Tretinoin, a 0.1% cream (though 0.5% creams have been effective as well) or a 0.025% gel can be applied to the papules with the rough end of a broken toothpick. The goal is to gently irritate the lesions to cause an inflammatory response, which will be supplemented with that caused by the retinoid. This should trigger the body to heal the papule. This should be done every few days until the lesions regress. Side effects include some mild redness.
Salicylic acid is also used to treat warts and acne. It is reported to sting more than some other topical treatments, but is less painful than cryosurgery or curettage, so may be a better option for children. In one study, a concentration of 12% was used mixed with a base. Some also recommend covering the papules with tape during the treatment.
Silver Nitrate Paste
Silver nitrate should only be applied at the doctor's office, but it appears to be highly effective (one Japanese study of over three hundred fifty patients found a nearly 98% success rate with no scarring). A paste of 40% silver nitrate mixed with flour is applied to the affected area, which has first been prepared with a cream to prevent minor itching and pain. A very few people do report severe itching or some pain.

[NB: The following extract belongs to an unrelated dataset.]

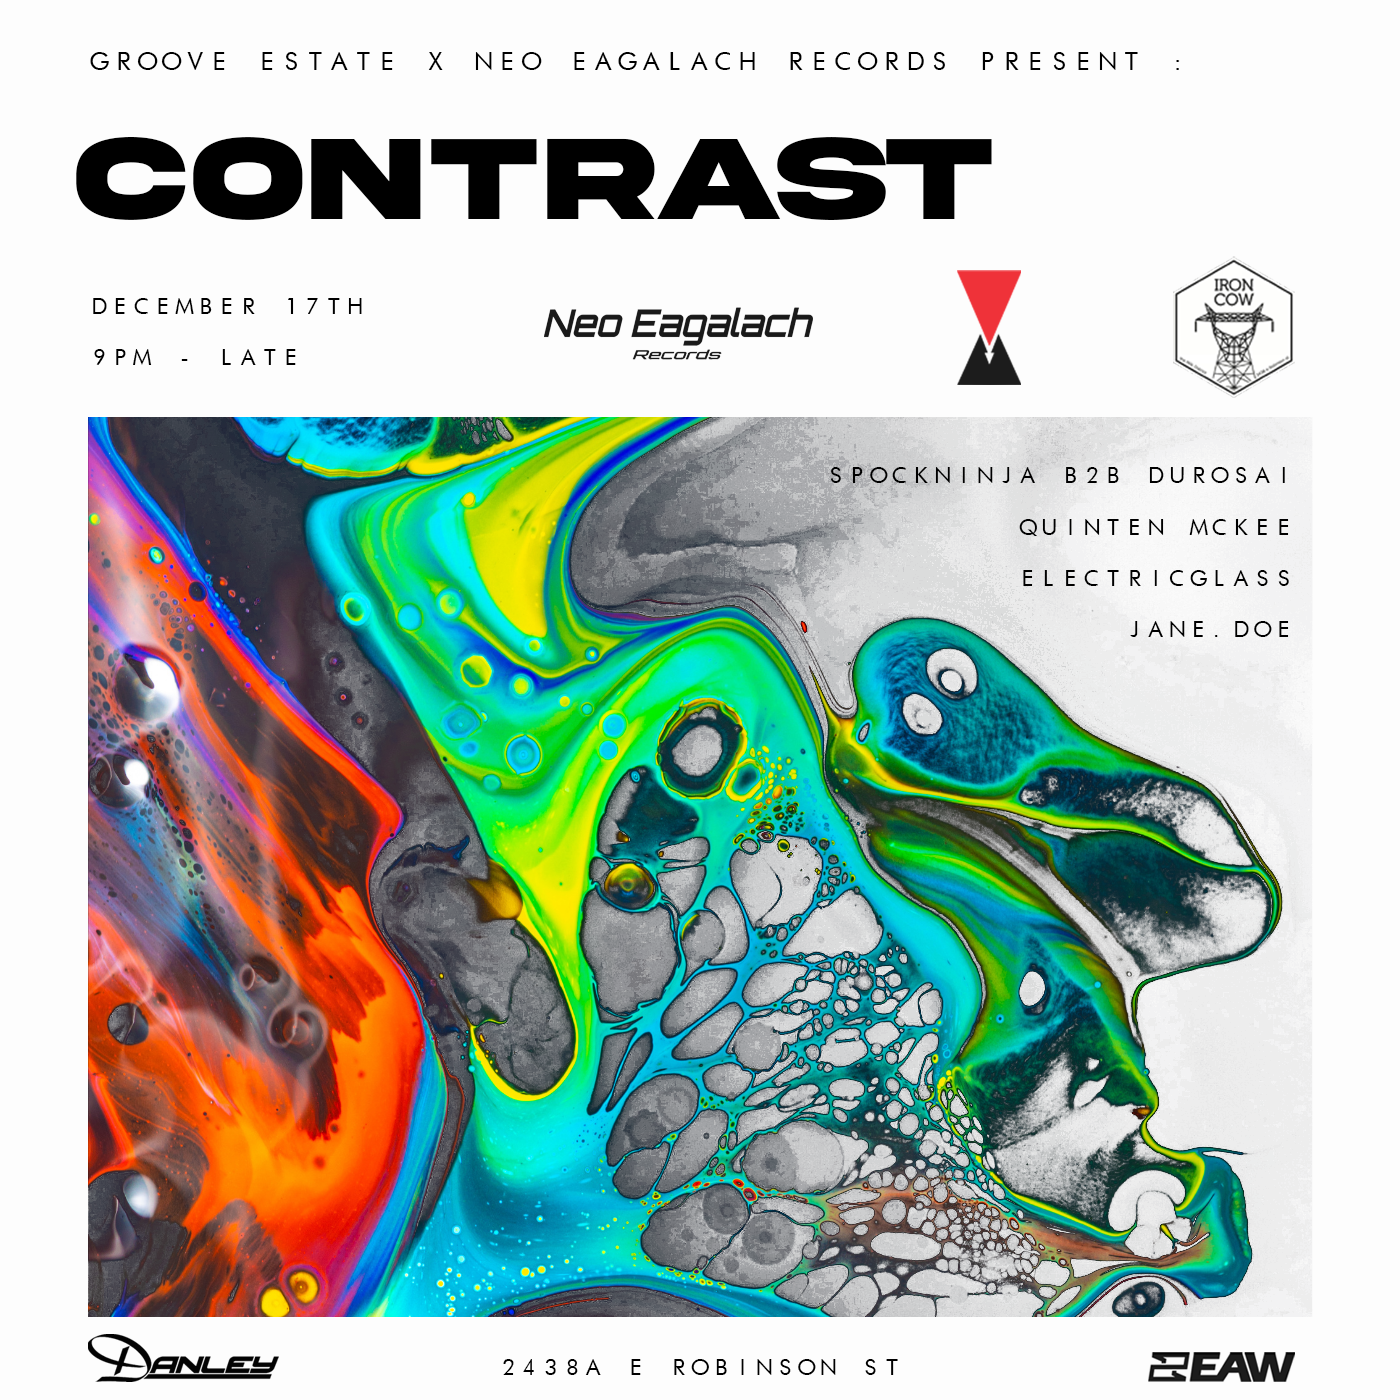 Groove Estate X Neo Eagalach Records present: CONTRAST at Iron Cow

Tape stripping can be done at home. An adhesive tape is applied to the affected areas at bedtime then removed in the morning, taking with it the top layers of the skin and hopefully the infective core. Use of the same piece of tape, however, can spread the virus to previous unaffected areas and care must be taken in handling the tape following use.
Trichloroacetic Acid is a keratolytic agent that erodes the skin. It is applied by a healthcare provider to the papule until a white "frost" appears, taking care not to touch the surrounding skin (which may be covered in petroleum jelly) as it is a caustic agent (capable of destroying living tissue). There is little report of change in pigmentation or significant irritation. It can be (cautiously) used on the face and/or for children. There is a mild stinging sensation associated with the treatment, so the medical professional should try to treat as many of the lesions as the patient will tolerate.